Sunday, July 9, 2017

Following Buffett into STOR Capital

In the past few years I watched with confusion as Buffett bought up IBM, Apple, airlines stocks, and just last month a shady Canadian lender called Home Capital Group. There are definitely times I wonder if he's gone senile. But Berkshire's investment in STOR Capital makes a lot of sense and I'm following.

Trading at $22-23 range, STOR Capital (STOR) can offers 20% IRR over the next few years. This comes from mid-teens adjusted funds from operation (AFFO) growth plus dividend yield of ~5%. I assume Price/AFFO multiple stays constant since it’s already a reasonable ~14x.

Thesis Sketch
  • STOR’s sales-leaseback model has a long runway for growth, and the weak retail environment may actually help in that respect. 
  • Berkshire’s involvement strengthens the already solid balance sheet. There’s a possibility that STOR can turn into a platform to consolidate the industry. 
  • Just a well-run company. Prudent leverage levels means this is something I can double down on if stock goes south.

What They Do
STOR Capital buys retail locations from companies and leases back to them at negotiated rates. Unlike typical landlords who start by targeting desired locations then try to minimize vacancy, STOR starts with specific business customers and then figure out the lease terms they need.

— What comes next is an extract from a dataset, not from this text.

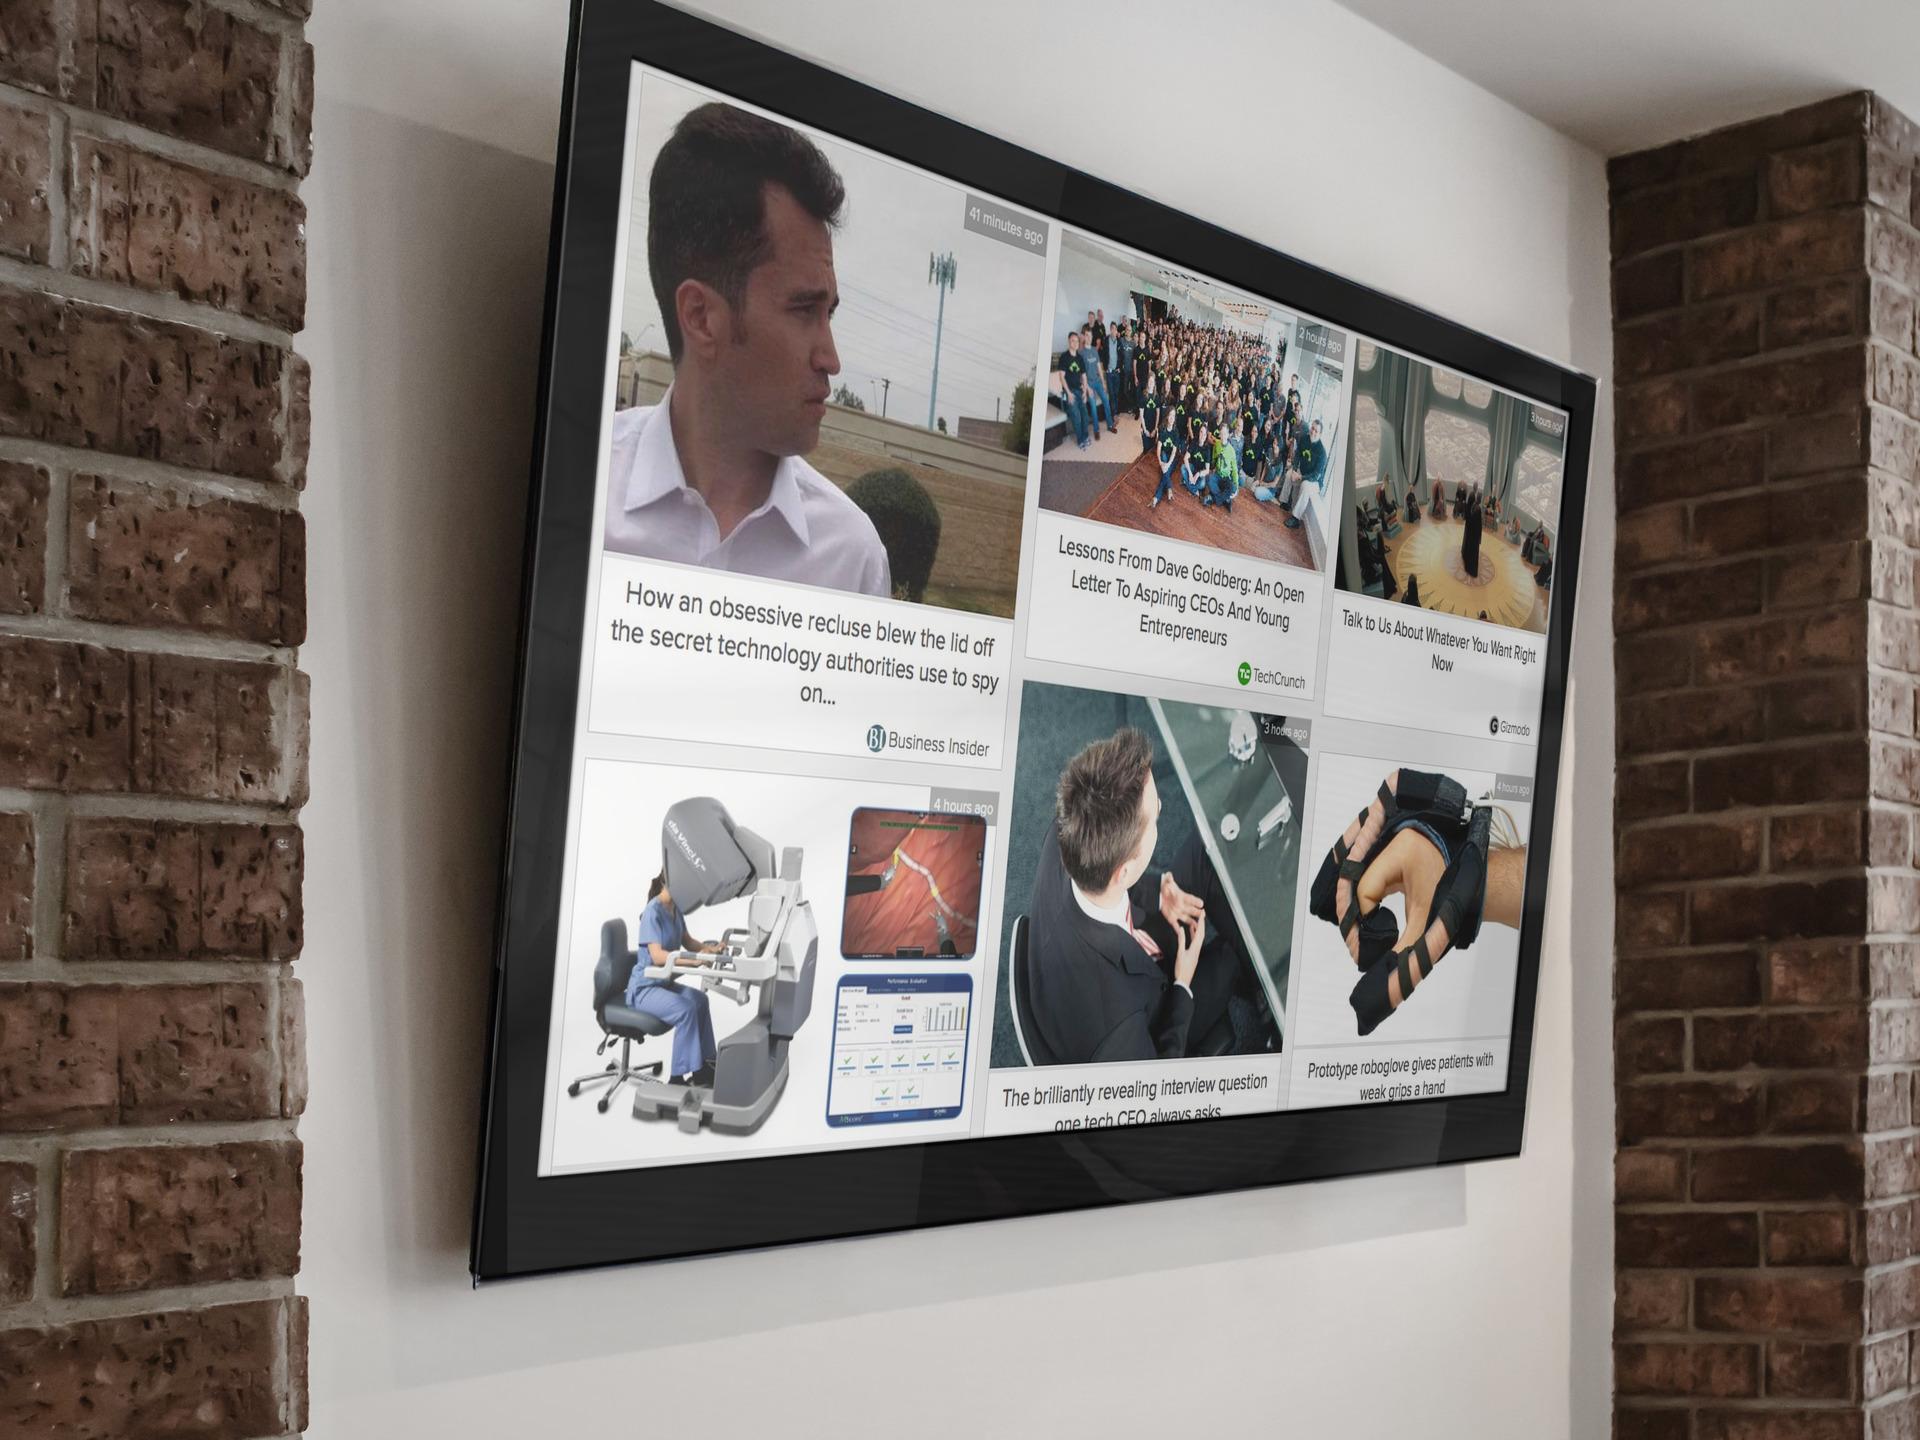 industry news on office tvs

In this way STOR is more like a financial service company than purely an asset owner. Another way to view the company is that STOR takes on credit risks of their clients, but that risk is collateralized by revenue generating real-estate.

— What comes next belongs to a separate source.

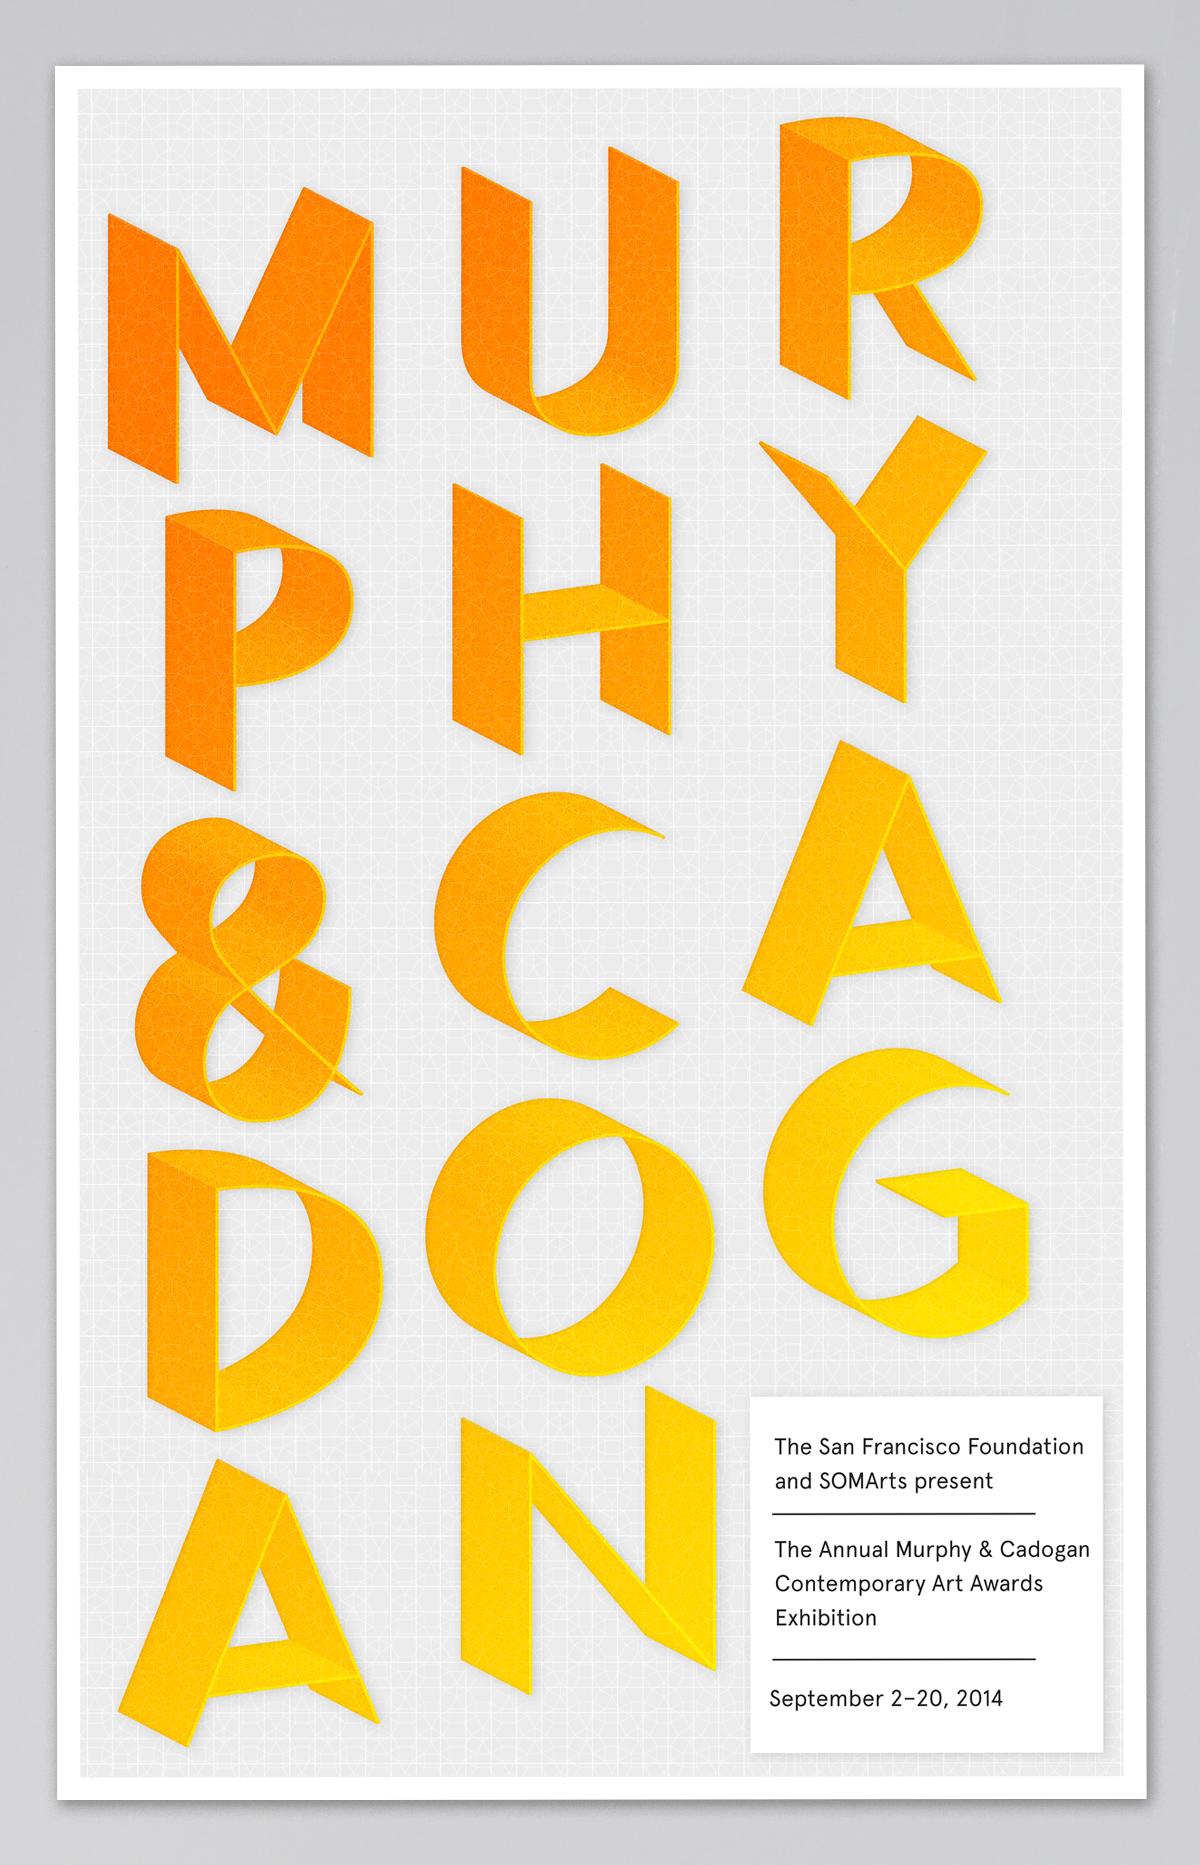 Poster_Mockup.png

There are inherent advantages with this business model. First, since these properties come with tenants, occupancy rates are high (~99.5%) and STOR don’t incur much costs to lease out the properties. Second, the leases are “triple-net”, meaning tenants are responsible for not only insurance and taxes, but also property maintenance costs. This means STOR has very little capex needs, so their AFFO is a good proxy for free cash flow. Finally, the customer service component allows STOR to stay away from auction situations, and historically they have been able to buy real estate at below replacement cost.

Growth Prospects

STOR has a track record of dividend growth, backed by mid-teens growth in cash flows. The growth is mostly through acquisition of real estates, which STOR has been investing about $1-1.2bn per year. Keeping up this pace would imply rental revenue growth of ~15% CAGR the next 3 years or so.

I think STOR can continue, if not accelerate, this pace of expansion. In the latest 10K they estimated an acquisition pipeline of $8.6bn at December 2016, compared to $5.2bn worth of properties on balance sheet. Furthermore, the U.S. is in a weak retail environment, and more companies will likely try to offload their real estate and optimize their capital structure. This would create opportunities for STOR to buy at attractive prices.

STOR is also now a strong hand in a weak industry. On 6/26/2017, Berkshire invested some $375mm into the company. These are newly issued shares so STOR further strengthened their capital base. STOR is now in a position to consolidate weaker players in the distressed retail REIT space.

There are other considerations. Let's quickly go through them in bullet points.

Just a really well run company
  • The basics all check out fine – geographic diversification, tenant diversification, inflation escalators…etc. 
  • Property investments require unit level profitability, not just corporate credit or property value
  • Great disclosure. Management collects abnormal amount of data.
  • Prudent debt levels with property asset covering debt by 2x. They use non-recourse asset backed funding.
  • No staggered board.
  • Unlike some of the REITs out there, STOR actually has good GAAP net margin.
  • 5% dividend yield is very sustainable and is well covered by AFFO (which closely tracks cash flow from operations before working capital)

Is The Market Wrong?
  • Retail REITs have been killed due to threats from Amazon. But STOR has differentiated exposure like health clubs, movie theatres, day care center...etc. They even have industrial/manufacturing exposure.
  • I’m not sure physical retail is dead just because of Amazon. Maybe physical retail still works but the business model needs to be tweaked. Amazon is actually moving to physical stores. If anything, Amazon’s recent purchase of Wholefood validates value of physical stores.
  • One of STOR’s clients, Gander Mountain, just entered bankruptcy, but that is only 2% of their rental income and another client is negotiating to buy them out. Gander Mountain’s troubles have been known for a while and I would be surprised if it’s not already priced in

Everything checks out great. Global bond yields have been going up the past week so dividend stocks have not done well. Once those bonds stabilize though, this should be a good one.